Fast-forward a few years later, got married, gained weight, fell off the diet here and there, other health issues have cropped up, got dogs, had kids, went back on the diet, not working as well. Started feeding the dogs PMR, saw how well they do on it. Saw how surprised my vet was, especially with my smallest dog who was on death's doorstep when we adopted him from the local sHELLter. 

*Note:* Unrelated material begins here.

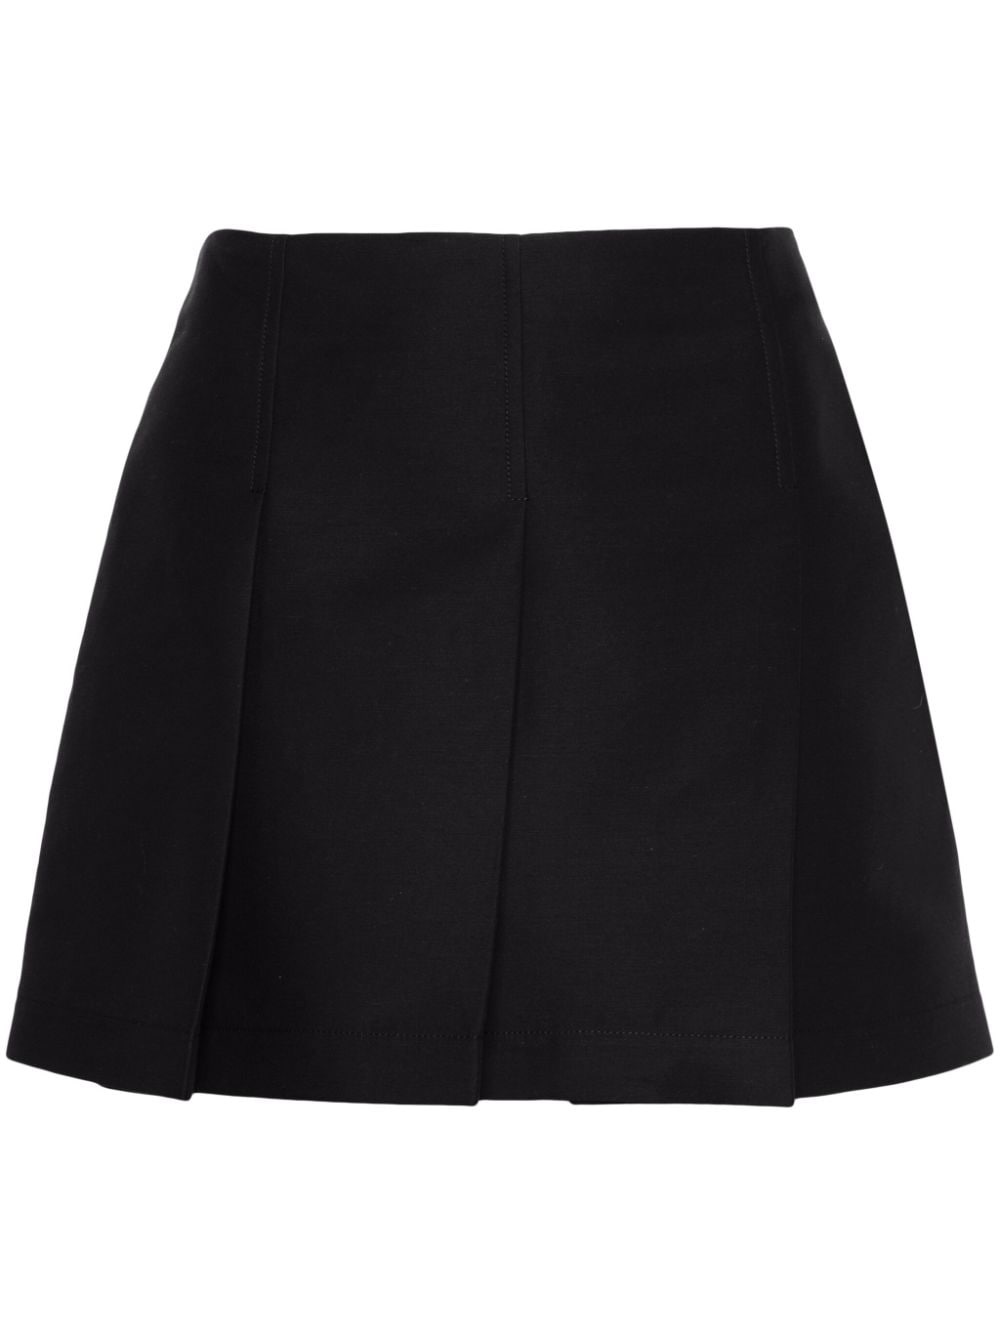 pleated cotton skirt - 1

Then at the beginning of this year, all hell broke loose. The BP med I had been taking for several years just stopped working. It was the last one that worked of all the meds (probably ALL of them) I've taken. So my relatively new doctor (I had since moved to a different area) whips out his playbook, puts me on some drug I've already been on even though I told him it wouldn't work. He draws blood. Two weeks later he wags his finger at me for my outrageous cholesterol and triglyceride levels. I tell him my BP is still too high. So he prescribes another useless drug to go with the first useless drug all while he's giving me the "low fat diet" mantra. Well that pissed me off. I'm tired of being a guinea pig for big pharma, and I'm sick of doctors who still haven't figured out that dietary cholesterol has NOTHING to do with serum cholesterol. I've already done "low fat" and it did nothing for me except make me hungry.

So filled with anger, but having a clue that some of my issues are somehow metabolic related, and seeing how my dogs do so well on their "ancestral diet", I couldn't help but wonder, "What is the human equivalent to raw feeding for dogs? What is our 'ancestral diet'?"

Well, that lead me to Paleo and right away, a light went off and it all made sense. All the pieces fit together. Having already been on a low carb diet, it was a totally natural transition for me. And so far, it has changed my life.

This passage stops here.